Он поднял ее, попытался поставить на ноги, но она падала, тогда он прислонил ее к стене, подставил спину, перекинул ее руки через свои плечи, наклонился и потащил на себе. Он уже приближался к лестнице, когда опять что-то ухнуло и посыпалось, и от этого грохота, она, видно, пришла в себя.
— Мама! — закричала она. — Там моя мама! — И стала рваться к провалу, за которым бушевало пламя. Он изо всех сил тащил ее вниз, а она вырывалась, билась, кричала, что мама стояла там, возле той стены, которая упала…
Он вытащил ее на улицу, передал дружинникам и кинулся опять в дом вместе с двумя другими людьми.
Но никого больше они не нашли.
Несколько дней Неля жила у них. Димкина мать не отходила он нее, выхаживала, кормила с ложечки, говорила ей ласковые слова, утешала, как могла.
А Неля молчала, не произносила ни слова. Она лежала на Димкиной кровати лицом к окну, смотрела застывшим взглядом на уцелевший фасад своего дома, не плакала, только по лицу ее время от времени проходила судорога.
Это больше всего пугало Димкину мать.
На пятый или шестой день пришло письмо от Нелиного отца. Он писал, что жив и здоров, они ведут тяжелые бои, фашисты собрали большие силы и пока приходится трудно. Но все это временно, подойдет час — и они разобьют фашизм наголову, так что он больше никогда не поднимется. Он сообщил номер полевой почты, просил написать, как они там, и просил, чтобы обязательно уехали, не оставались в городе.
Димка прочитал письмо вслух, и тогда Неля впервые заплакала. Она плакала долго, сотрясаясь всем телом, а потом затихла и уснула.
Утром прибежал Андрей. Он сказал, что вечером госпиталь уезжает специальным поездом, семьи врачей едут тоже, и он мог бы взять Нелю с собой, сказать, что она его сестра.
— Нелечка, деточка, может, поедешь с ними, — Димкина мать ласково наклонилась к ней.
Неля отрицательно покачала головой.
— Ты можешь, конечна, с нами остаться, мы рады будем. Да только видишь, что пишет твой папа — семьям командиров никак нельзя оставаться. Да и поправиться тебе нужно, а тут у нас сама видишь, что делается… Все же там будешь под присмотром докторов, они в случае чего помогут… А там, глядишь, и мы с Димой соберемся, тоже двинемся, приедем к вам. Поезжай, доченька.
Неля посмотрела на Димкину мать, потом на Димку и отвернулась к стене.
Собрали они Нелю, одежду кое-какую нашли, продукты на дорогу наскребли: Димка сбегал, договорился со знакомым извозчиком, и тот за десять рублей согласился подвезти их к товарной станции, откуда отправлялся специальный состав.
Димка вместе С матерью повезли Нелю к поезду, сами усадили ее.
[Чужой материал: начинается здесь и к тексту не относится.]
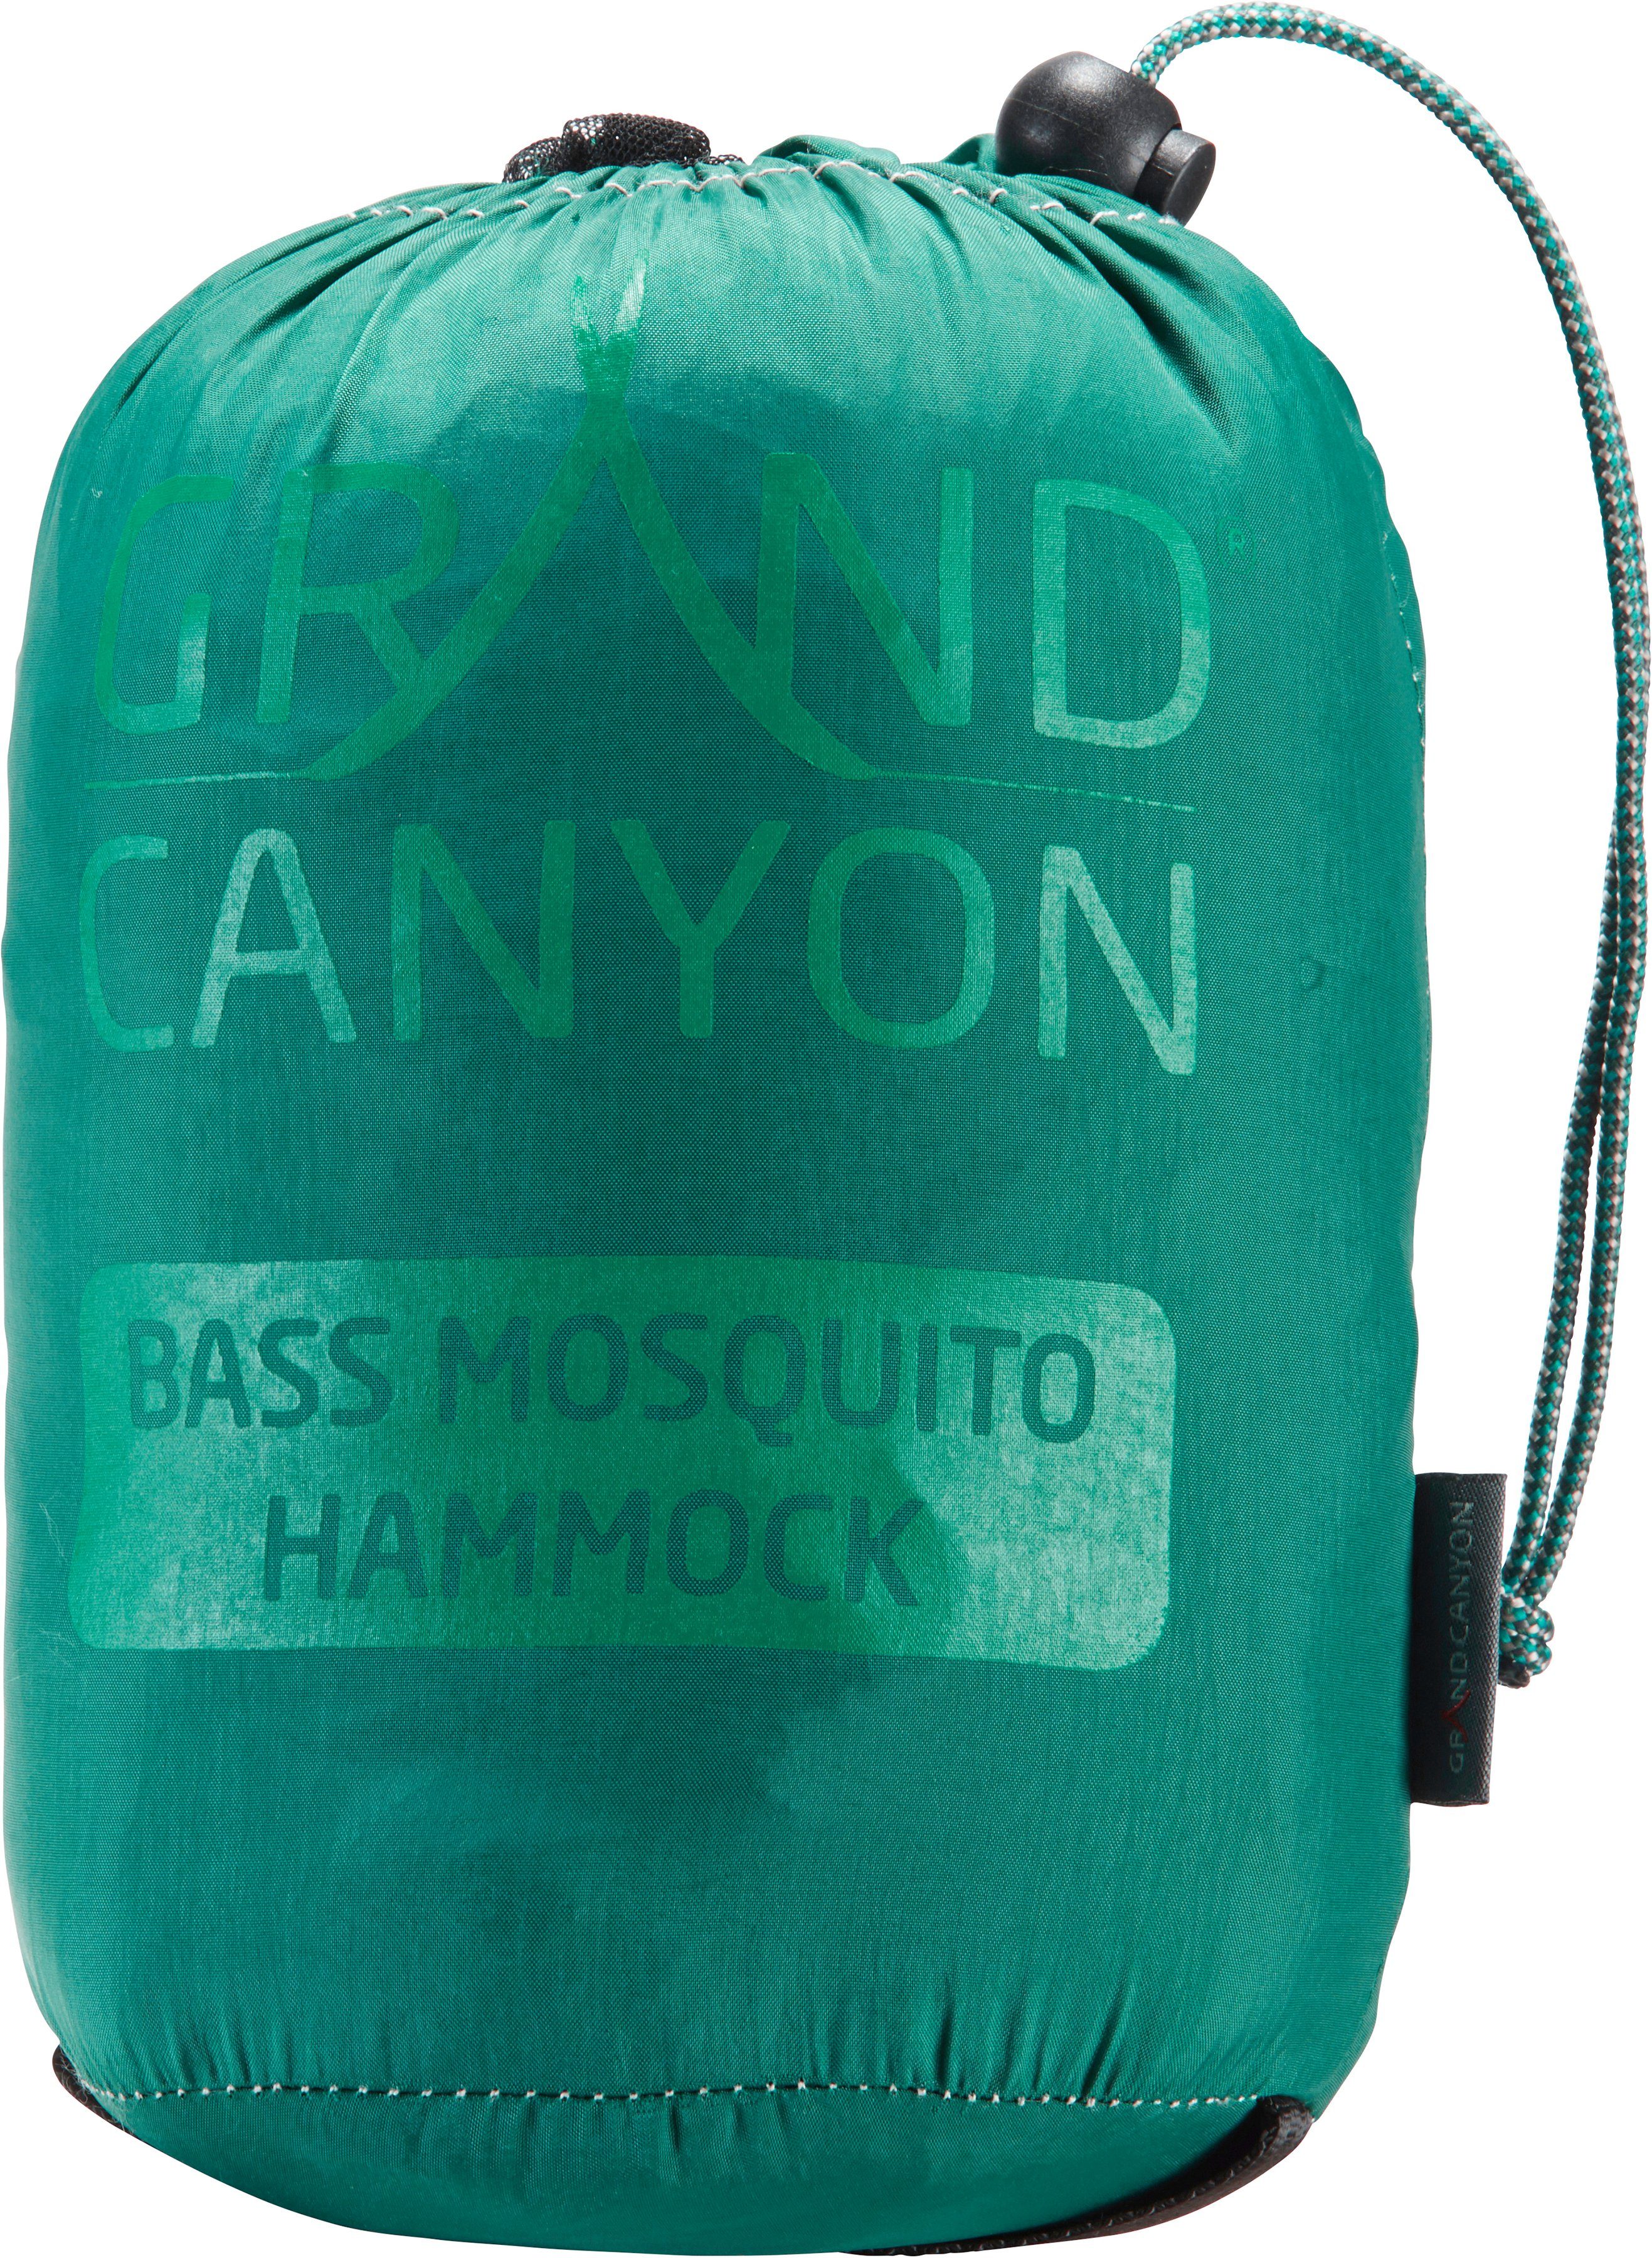 Hammock Storm Bass Mosquito Hängematte grün GRAND CANYON

А она была безучастная, равнодушная ко всему.
И только в последний момент, когда им надо было уходить, она вдруг кинулась к Димке, обхватила его голову руками — и все кричала сквозь слезы: «Нет, нет, нет…»
Пришлось людям отрывать их друг от друга, и Димка прыгал с подножки, когда поезд тронулся…
5
… Уже стемнело, когда Лукьянов подъехал к гостинице. «Хорошо, что темно, думал он по дороге, — что ничего нельзя разглядеть и узнать. Слишком много для первого раза».
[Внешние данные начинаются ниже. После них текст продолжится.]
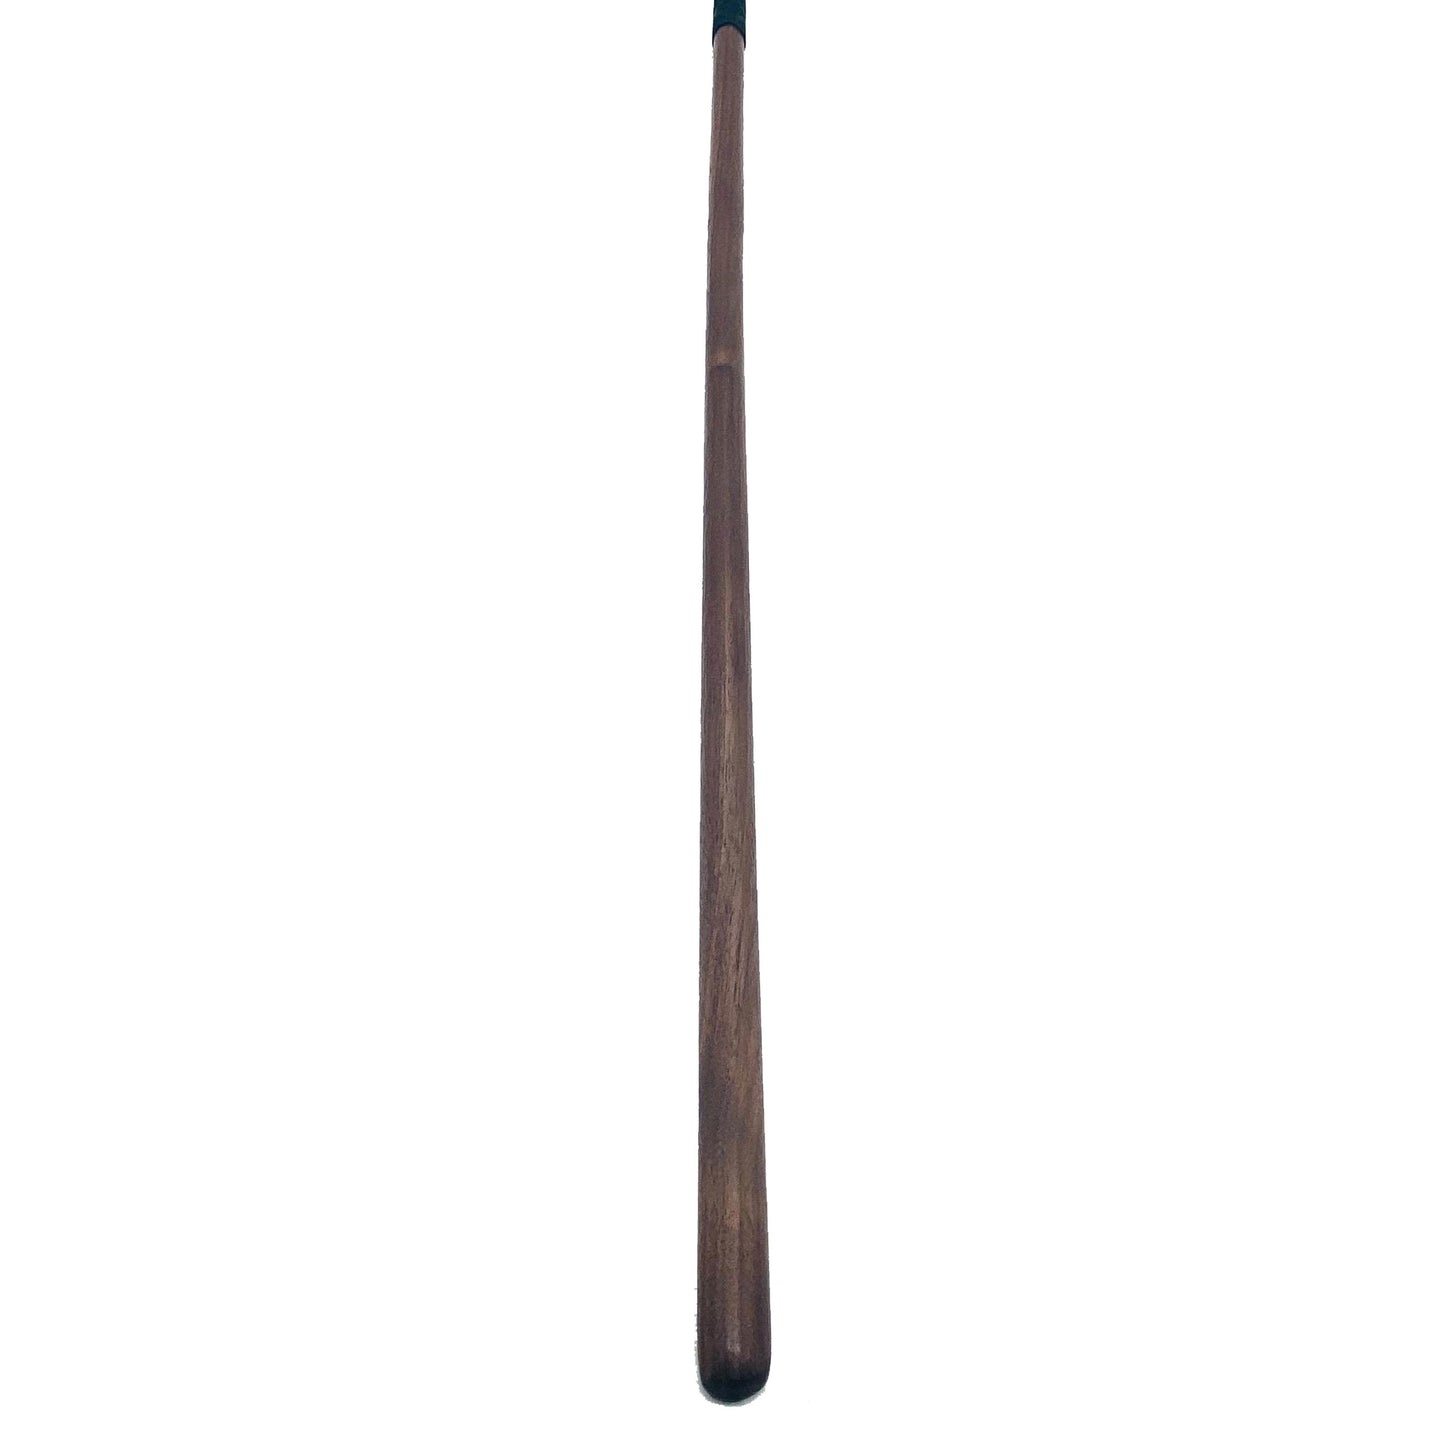 Hardwood Spanking Cane, Hardwood Cane, wood, wood cane, wooden, evil stick, spanking cane, cane, bdsm, impact, punishment, discipline

В такси он сидел, глядя куда-то в пол, стараясь не смотреть по сторонам, не узнавать, не вспоминать. Цветные огни светофоров, голубые искры троллейбусов — все было такое же, как в других городах, создавало иллюзию, что он все еще там, далеко, за тридевять земель отсюда. Таксист — вертлявый парень в кокетливой форменной фуражке — несколько раз порывался что-то сказать или спросить, но так и не сказал ничего, — видно, состояние пассажира передалось ему. Лукьянов оценил подвиг и в благодарность щедро переплатил. Потом он взял из багажника свой чемодан и вошел в холл гостиницы.
Номер был заказан еще вчера, из Москвы, поэтому ждать не пришлось, его тут же провели на третий этаж, в довольно просторную комнату с широкой двуспальной диван-кроватью, широким, почти во Всю стену, окном, и большим полированным письменным столом со множеством ЯЩИКОВ.
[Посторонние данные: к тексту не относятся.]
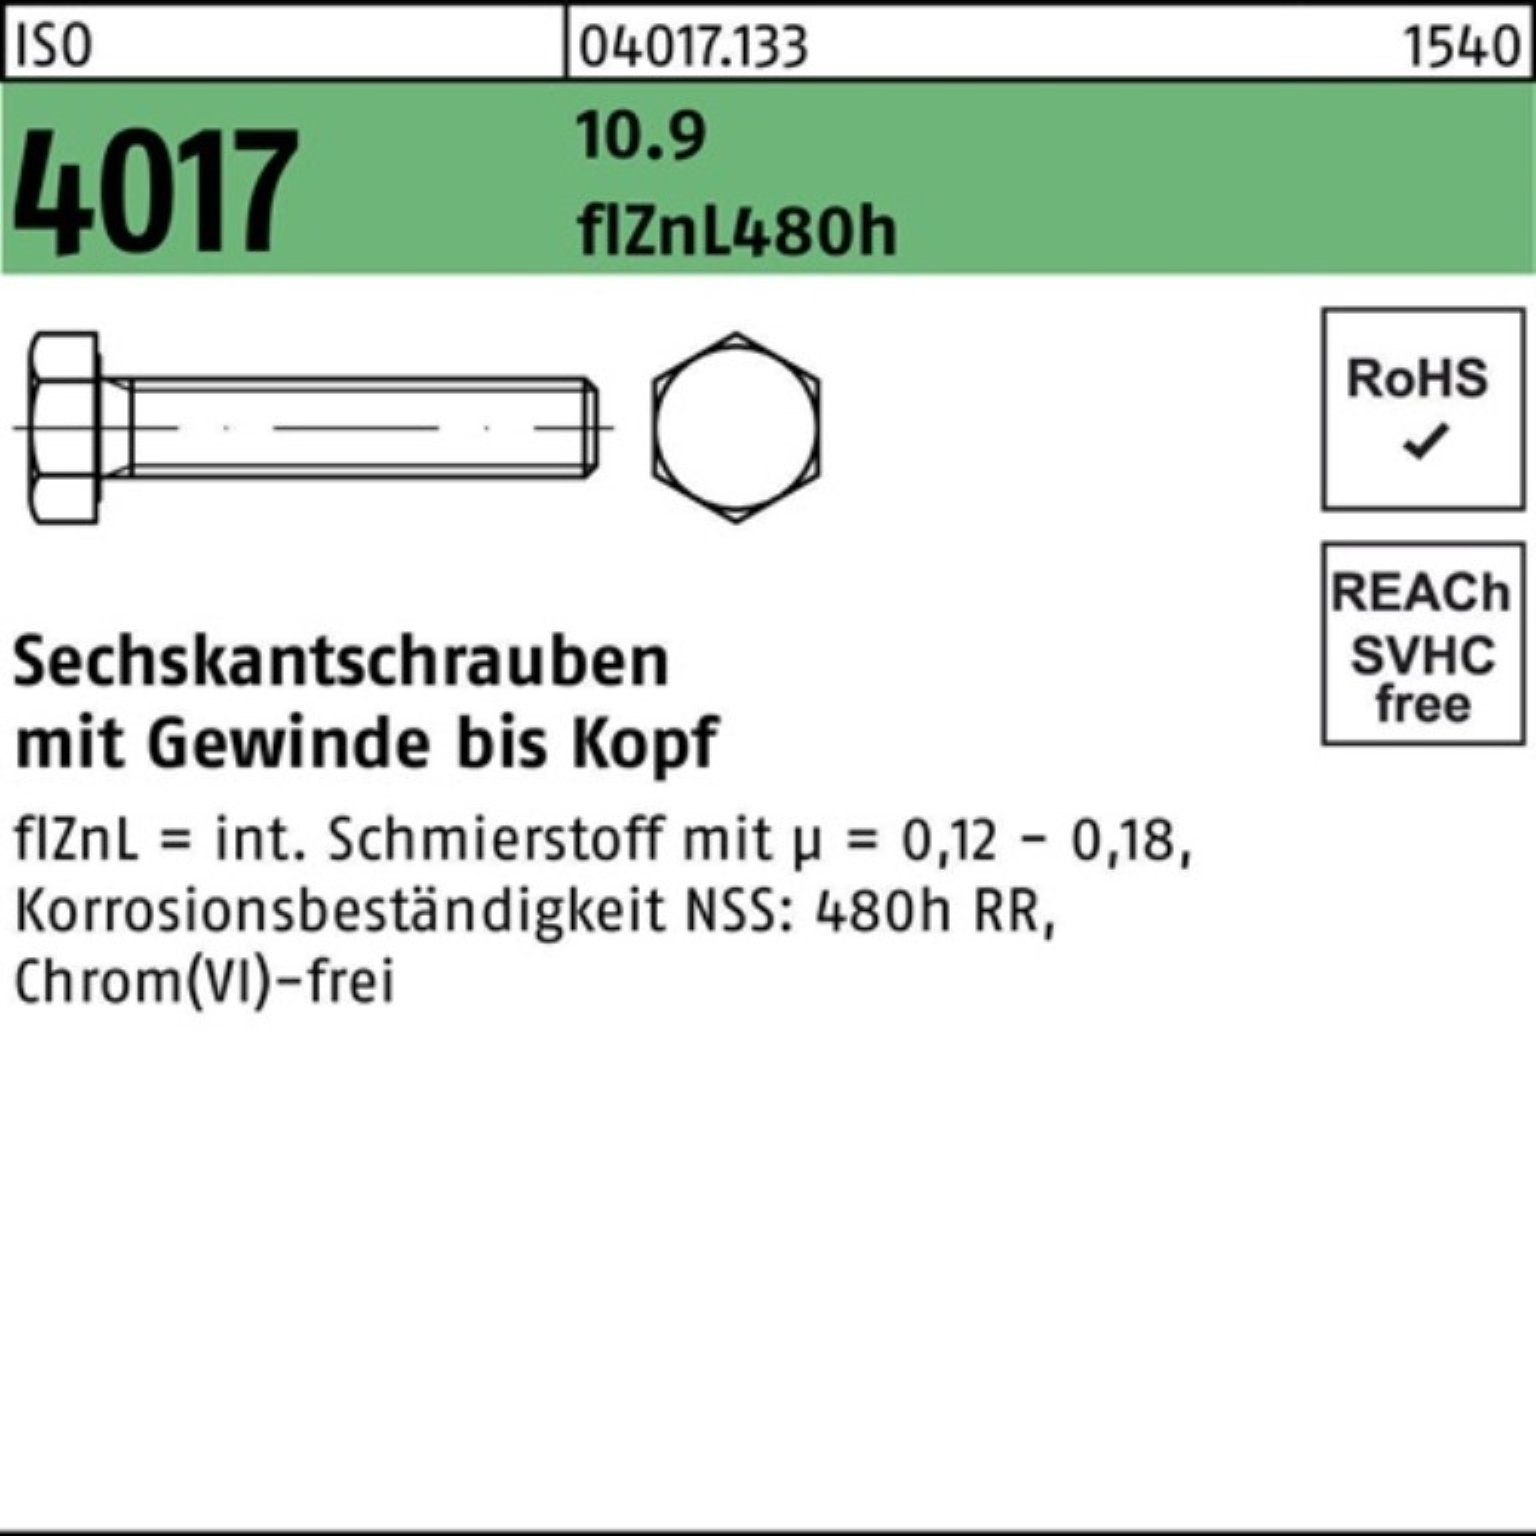 120 Sechskantschraube ISO Pack Sechskantschraube VG 100er 4017 zinklamellenb. Bufab M24x 10.9

Окно было задернуто тяжелой коричневой портьерой, звуки улицы едва долетали сюда, в номере было тихо, спокойно. Он напоминал десятки других номеров, в других городах, где Лукьянову приходилось останавливаться, я это тоже как-то успокаивало. Впервые Лукьянов с благодарностью подумал о великой силе стандарта.